Data section:

==*==

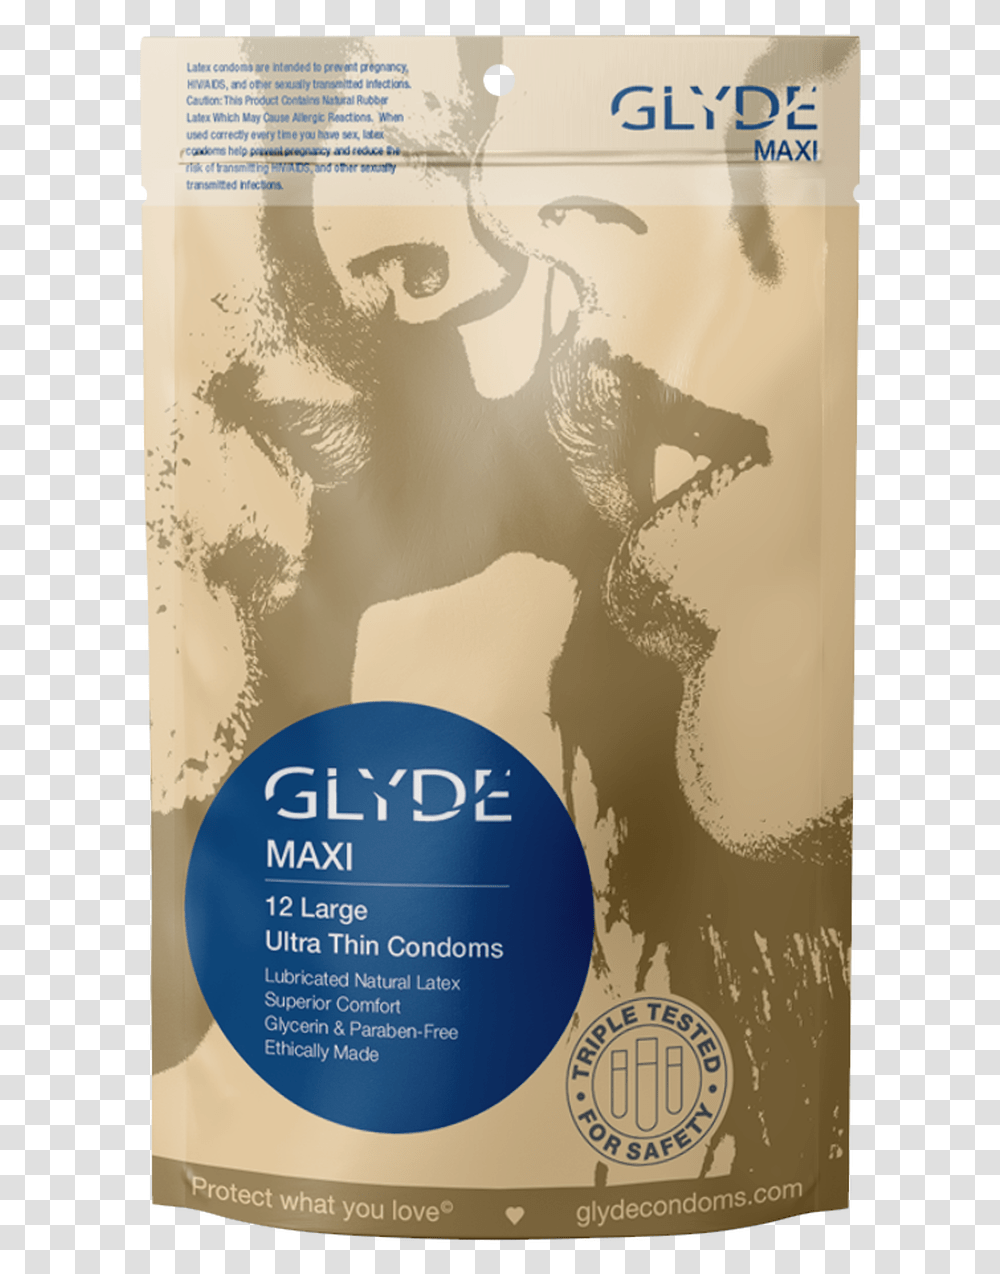 Glyde Maxi Extra Large Xl Vegan Condoms 12 Count 5 Glyde America Condoms, Poster, Advertisement, Flyer, Paper Transparent Png
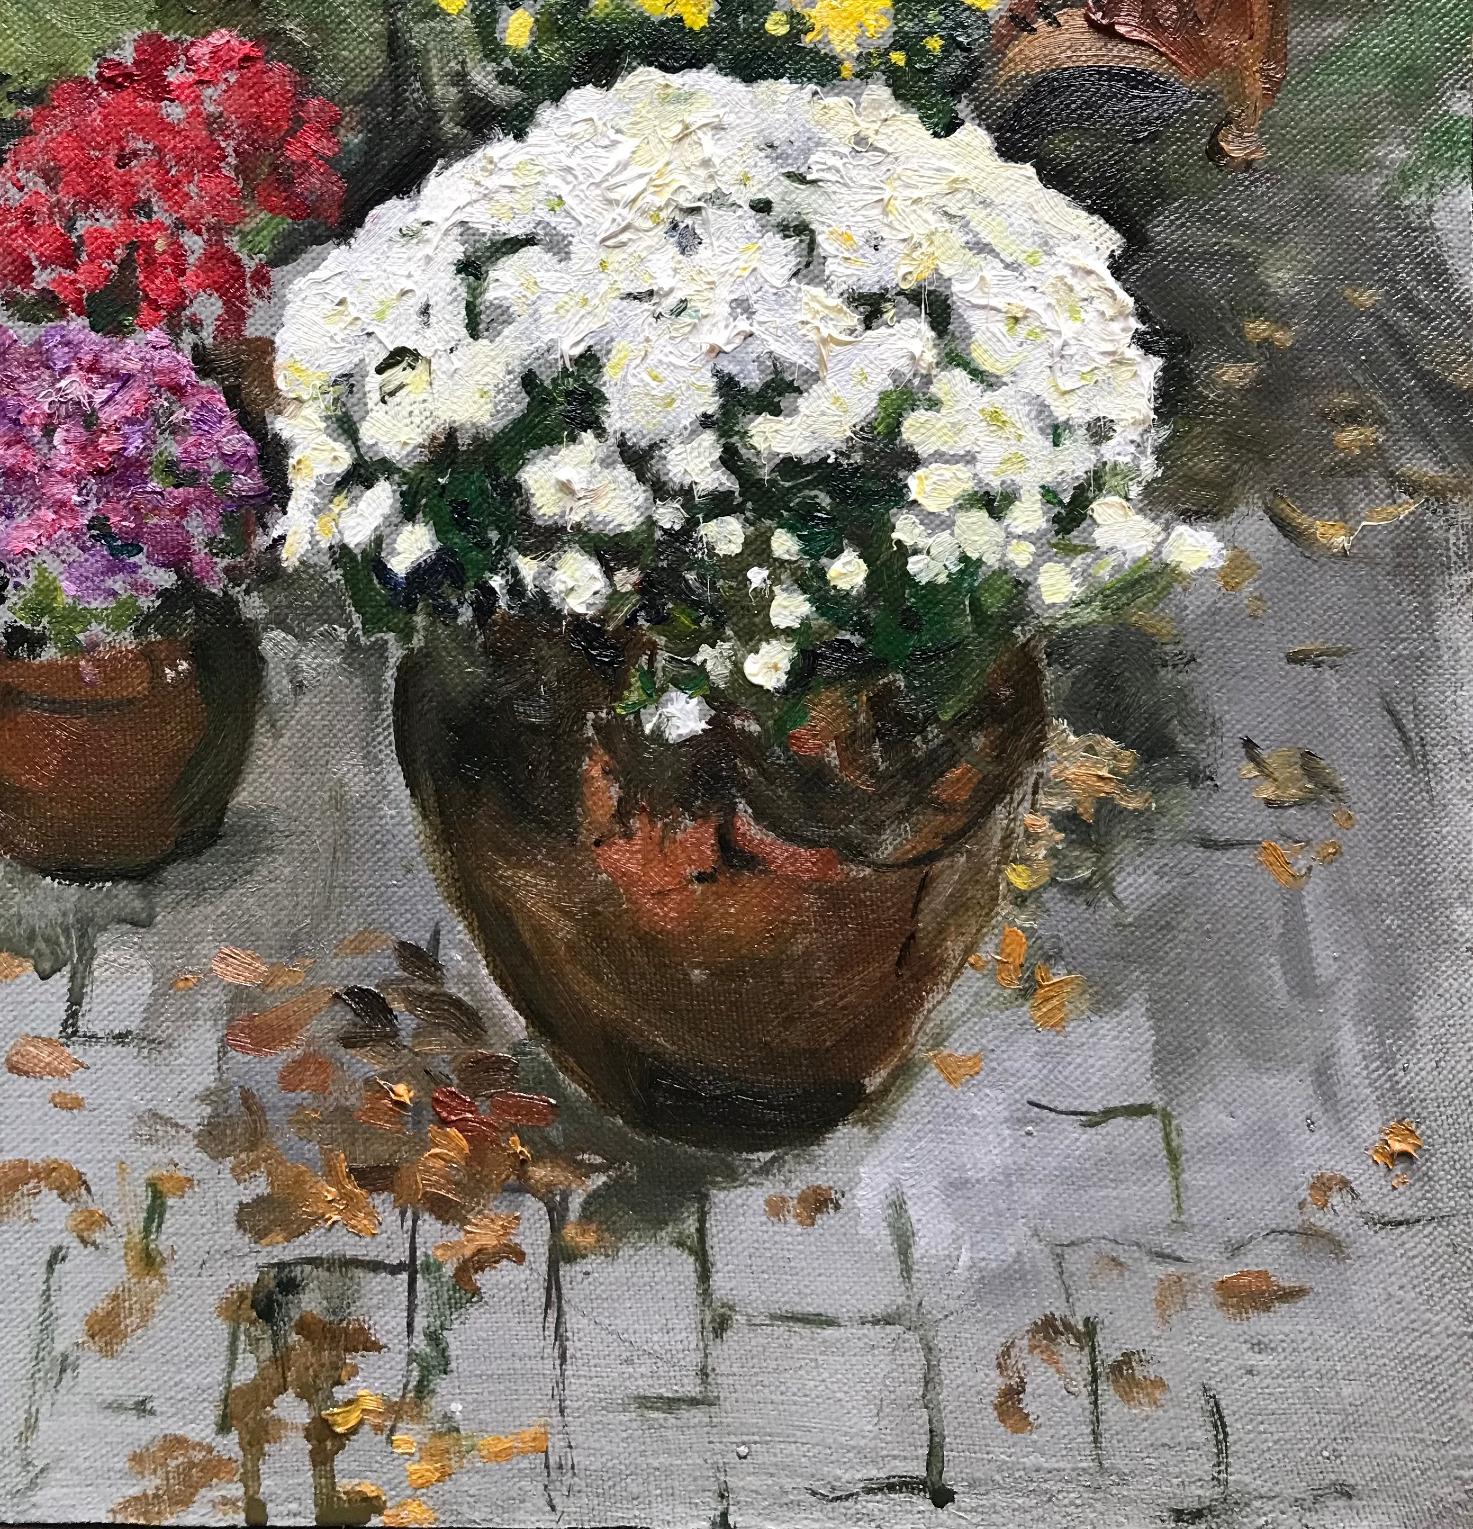  Mums, 12 x 9, Öl, Farben, Schönheit der Natur, Impressionismus, Blumenmuster  (Grau), Still-Life Painting, von  Eric Santoli
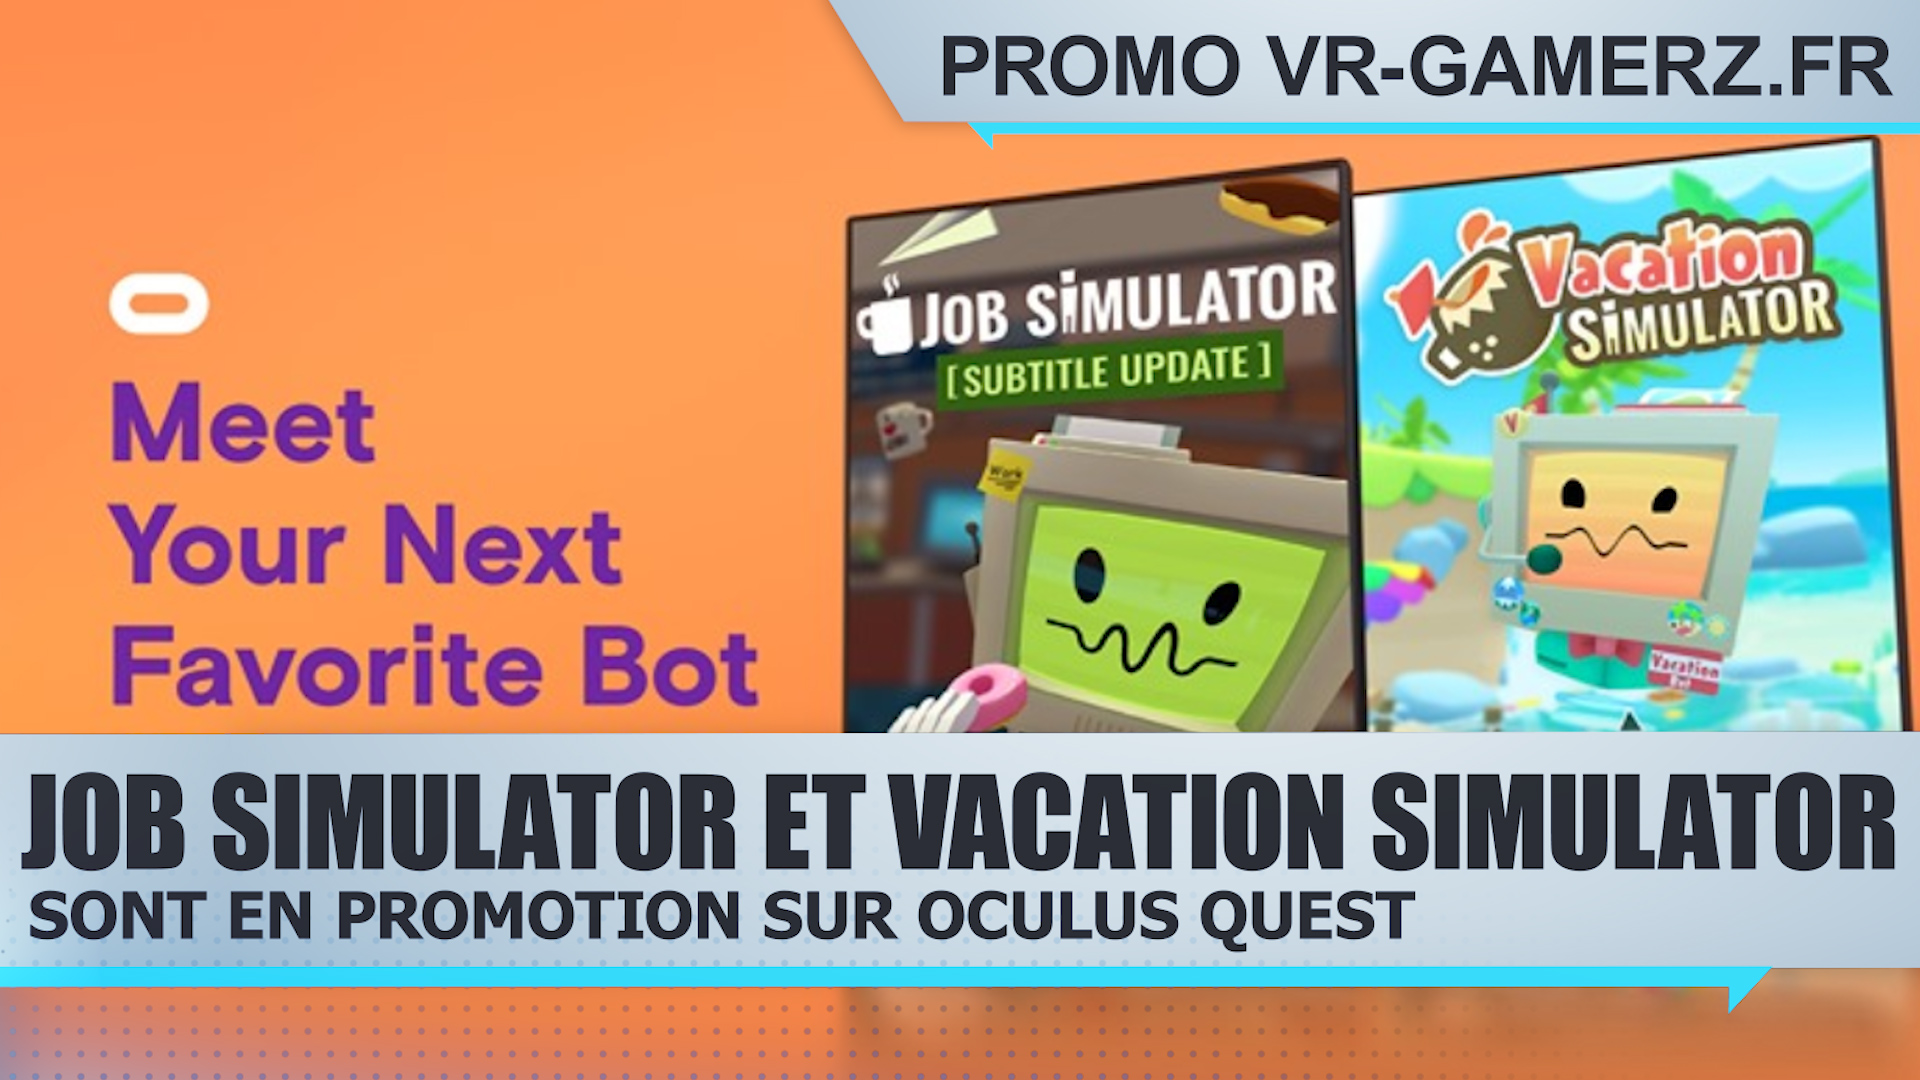 Job simulator et Vacation simulator sont en promotion sur Oculus quest !

==*==

Your task: A word-for-word copy of the data, without its pictures, is what is needed.

Written solution:
 Glyde Maxi Extra Large Xl Vegan Condoms 12 Count 5 Glyde America Condoms, Poster, Advertisement, Flyer, Paper Transparent Png
  Mums, 12 x 9, Öl, Farben, Schönheit der Natur, Impressionismus, Blumenmuster  (Grau), Still-Life Painting, von  Eric Santoli
 Job simulator et Vacation simulator sont en promotion sur Oculus quest !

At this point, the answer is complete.